Меня садануло, словно со мной уже тогда случился удар. Я не мог ни пошевелиться, ни слова вымолвить. Бог знает, сколько я, не отрываясь, смотрел на Павла. Потом все во мне вскипело, поднялось, как молоко на горячей плите, если за ним не следить. Что я мог, кроме того, что я сделал, ведь я уже был сам над собой не хозяин.

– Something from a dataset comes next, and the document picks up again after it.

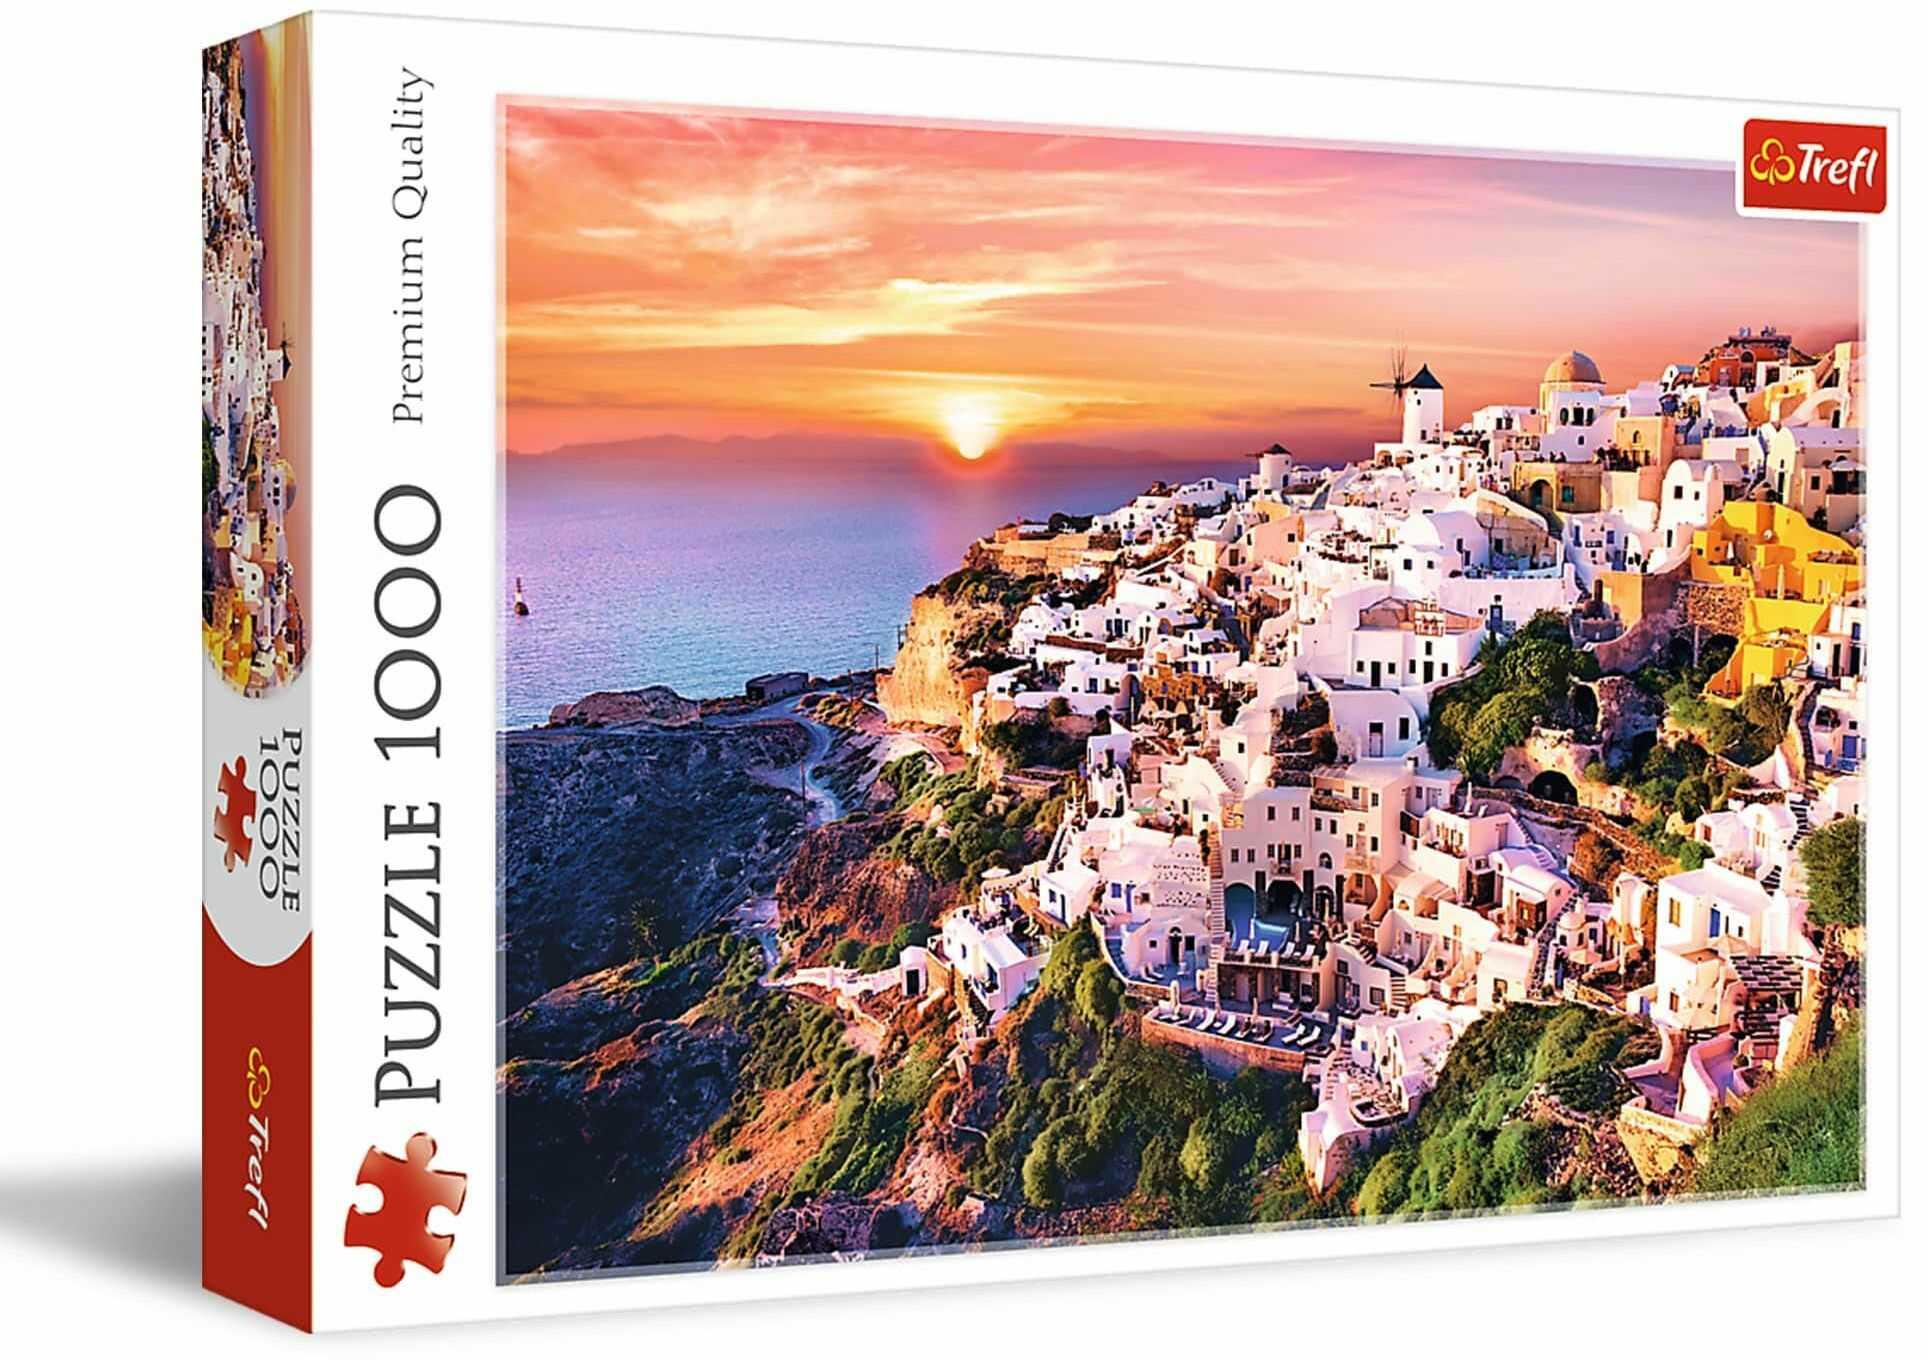 Trefl - Puzzle Zachód Słońca nad Santorini, Grecja - 1000 Elementów, Grecka Wyspa, Widok na Piękne Miasto, Układanka DIY, Kreatywna Rozrywka, Prezent, Puzzle Klasyczne dla Dorosłych i Dzieci od 12 Lat

— Ох, — снова стонет она. И внезапно видит его таким, каким он был в тот момент, когда кинулся к двери. Видит и себя. Все, что она тогда чувствовала, воскресает в ней. «Черти!» — хрипло выругался он. А лицо было такое, будто в нем не осталось ничего человеческого. Тут и она почуяла, им угрожает что-то страшное, у них не просто отберут Плешивцу, случится что-то еще страшнее. «Или его хватит удар, или он кого-нибудь убьет», — промелькнуло у нее. Она бросилась за ним, что было сил. «Нет, Мартин, нет!» — кричала она. Но он был как глухой. Она догнала его только возле горы. «Ради бога, Мартин, не ходи, прошу тебя, не ходи, таким не ходи». Она хотела удержать его, но упала и смогла дотянуться только до его ног. Она судорожно цеплялась за них, как будто просила помощи для себя. «Не делай глупостей, Мартин, силой ничего не добьешься», — молила она. Он пытался освободиться, оттолкнуть ее от себя, но она не выпустила бы его, разве бы он отсек ей руки. Тогда и произошло то страшное, от чего ее руки опустились и мольбы затихли. Он ударил ее, первый и единственный раз в жизни. Сколько бы за эти годы они ни огрызались друг на друга, сколько бы ни ссорились, ни таили один на другого злобу, сколько бы ни выходили из себя, никогда он ее не ударил. И сколько она жила с ним, она была твердо убеждена, что он не сделает этого, даже если она сама набросится на него с кулаками, даже если будет проматывать его достояние или плохо заботиться о детях. Она знала, есть такие мужья, которым не стыдно ударить жену, а есть и настоящие скоты. Понделашка, например, несчетное количество раз среди ночи прибегала к ним, спасаясь от кулаков мужа. Слава богу, такого мне не довелось узнать, говорила она себе. И за это уважала Мартина. И вдруг это случилось, и ей почудилось, что до этого он всегда только притворялся, что показывал себя не таким, каким был на самом деле. Это было больнее, чем если бы он ударил ее плетью, до полусмерти избил ее. Наверно, вся кровь отхлынула от ее лица. Даже сейчас при воспоминании об этом она бледнеет.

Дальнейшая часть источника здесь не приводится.